The relative skill of those in the art:
The artisan would generally have a medical degree and further specialized training in the treatment and management of neurodegenerative diseases; however, their high level of training and knowledge would not be sufficient to overcome the lack of understanding of how to use the claimed compounds to treat all forms of disease caused by dysregulated protein as the compounds claimed do not contain moieties which are known in the art to effect proteins associated with conditions such as Alzheimer’s (tau protein) or Huntington’s Disease (huntingtin protein).
The amount of direction or guidance presented and the presence or absence of working examples:
Example 9 (Page 382) of the specification provides data demonstrating that dihydrofolate reductase, estrogen receptor α, HDAC6, and BRD4 are capable of being degraded using compounds of the invention. The specification does not provide any data or examples demonstrating the treatment of all diseases caused by dysregulated protein; for example, the specification does not demonstrate that compounds of the invention are capable of binding proteins such as aggregated tau or huntingtin protein, nor does it demonstrate that these compounds are capable of crossing the blood-brain barrier, which would be necessary for the treatment of these neurological disorders caused by dysregulated proteins. Thus, the specification does not provide examples for the treatment of all conditions caused by dysregulated proteins.
The quantity of experimentation necessary:
Considering the state of the art as described above, in particular with regards to the lack of targeting moieties for every possible protein that can be dysregulated in the pathology of disease, and the high unpredictability of the art as evidenced therein, and the lack of guidance provided in the specification, one of ordinary skill in the art would be burdened with undue experimentation to practice the invention commensurate with the scope of the claims.

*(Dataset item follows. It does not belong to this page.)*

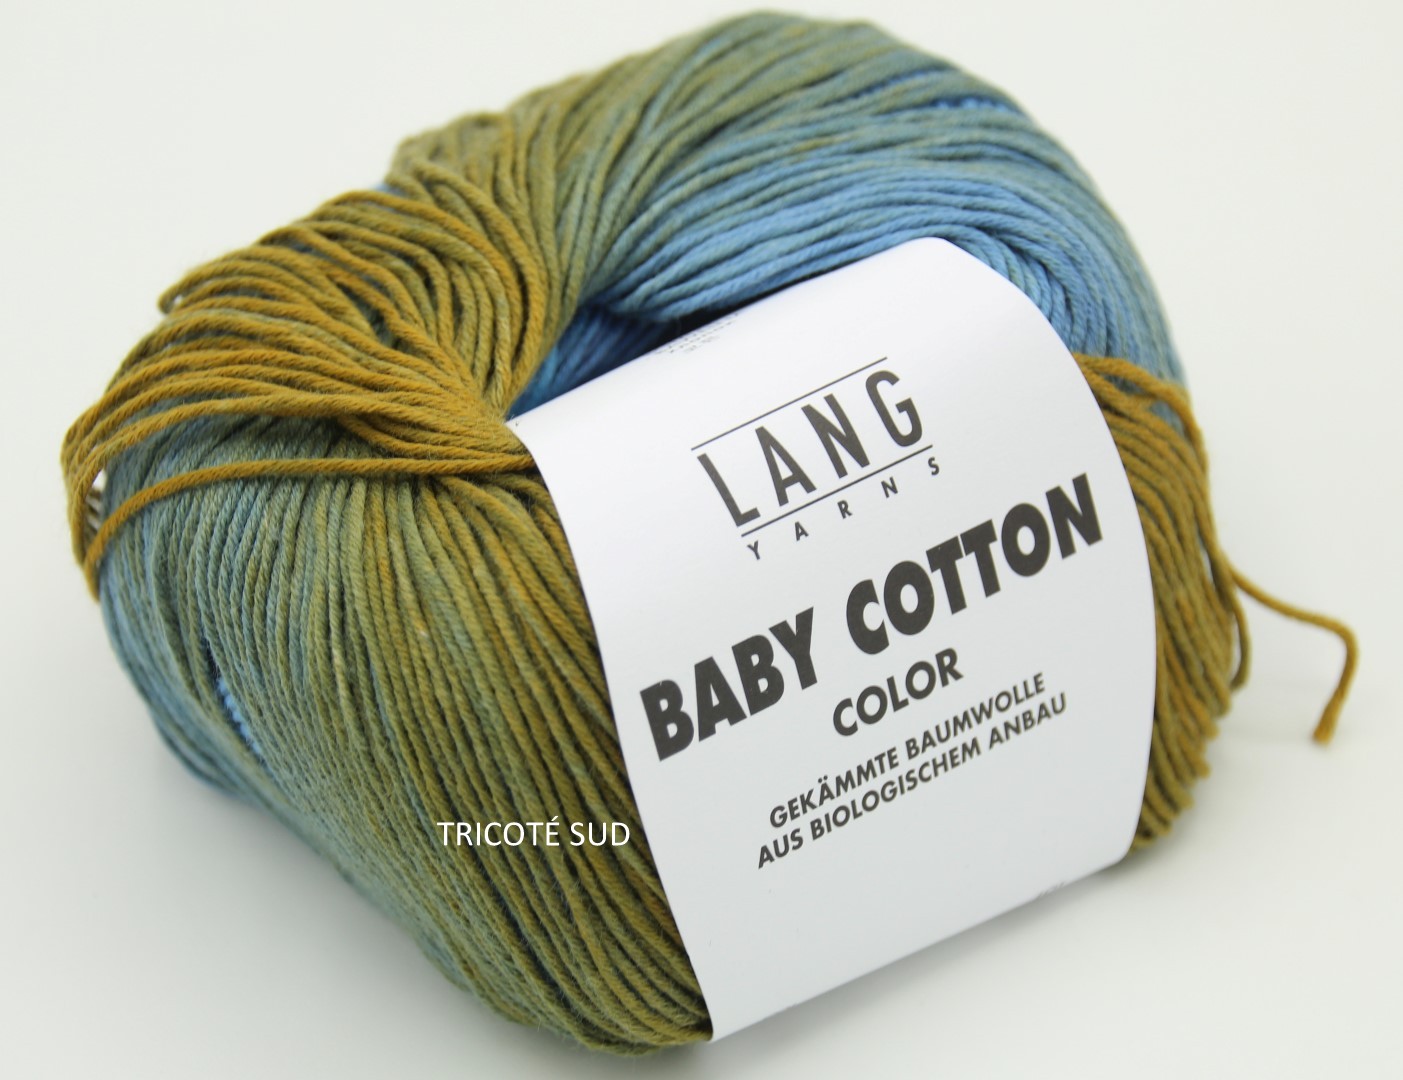 BABY COTTON COLOR LANG YARNS COLORIS 151 (1) (Large)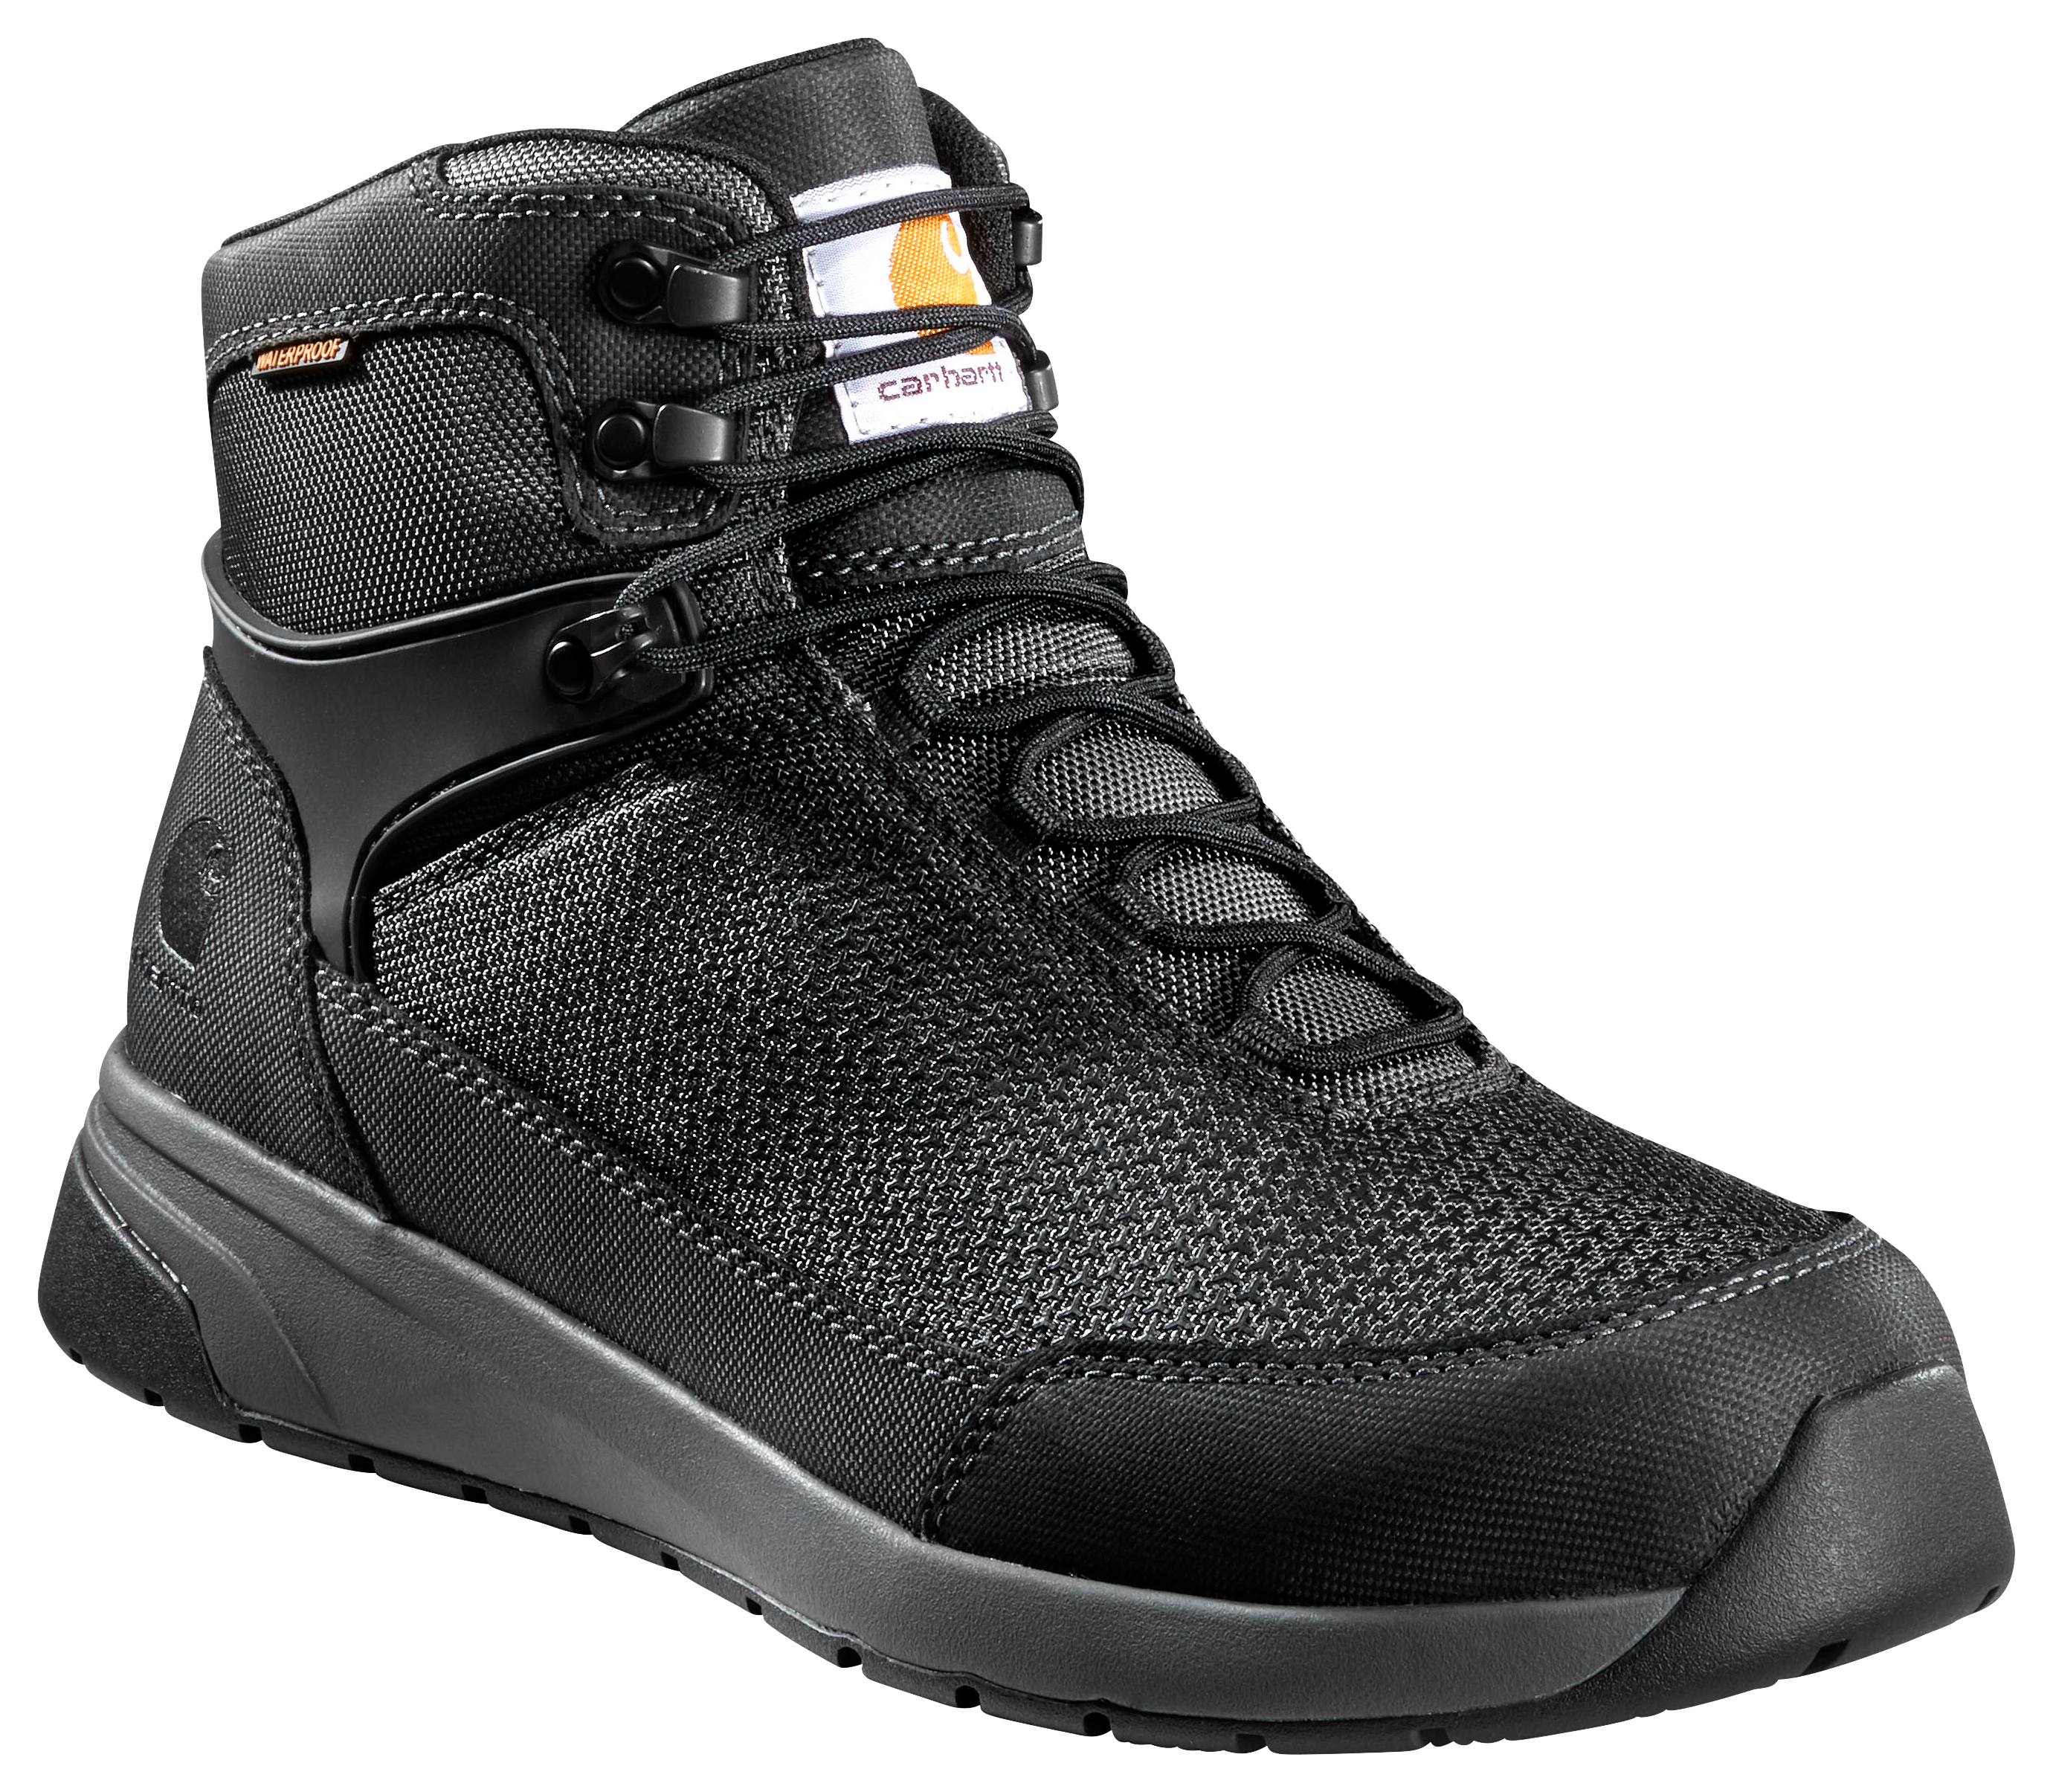 Carhartt Force 6"" Nano Composite-Toe Work Boots for Men - Black - 8M

Claim 20 is rejected under 35 U.S.C. 112(a) or 35 U.S.C. 112 (pre-AIA ), first paragraph, because the specification, while being enabling for many of the claimed autoimmune disorders, does not reasonably provide enablement for the treatment specifically of pernicious anemia. The specification does not enable any person skilled in the art to which it pertains, or with which it is most nearly connected, to practice the invention commensurate in scope with these claims. Consideration of the relevant factors sufficient to establish a prima facie case for lack of enablement is set forth below:
The nature of the invention and breadth of the claims:
The claims are directed towards a method of treating an autoimmune disease in a subject wherein dysregulated protein is responsible for said disease, comprising administering a composition comprising a compound of Claim 3. The compounds of Claim 3 are bifunctional protein degraders, wherein the targeting moiety is selected from immunosuppressants, inhibitor of dihydrofolate reductase, a histone deacetylase inhibitor, bromodomain inhibitor, MDM2/p53 inhibitor , tyrosine kinase inhibitors, MAPK inhibitor, mTOR inhibitor , and inhibitor of VEGFR, PDGFR, and RAF kinases. Thus, the claims are directed to a method which can be used to the claimed autoimmune disorders caused by dysregulated protein activity using the compounds which are conjugated to the degron compound of Claim 3.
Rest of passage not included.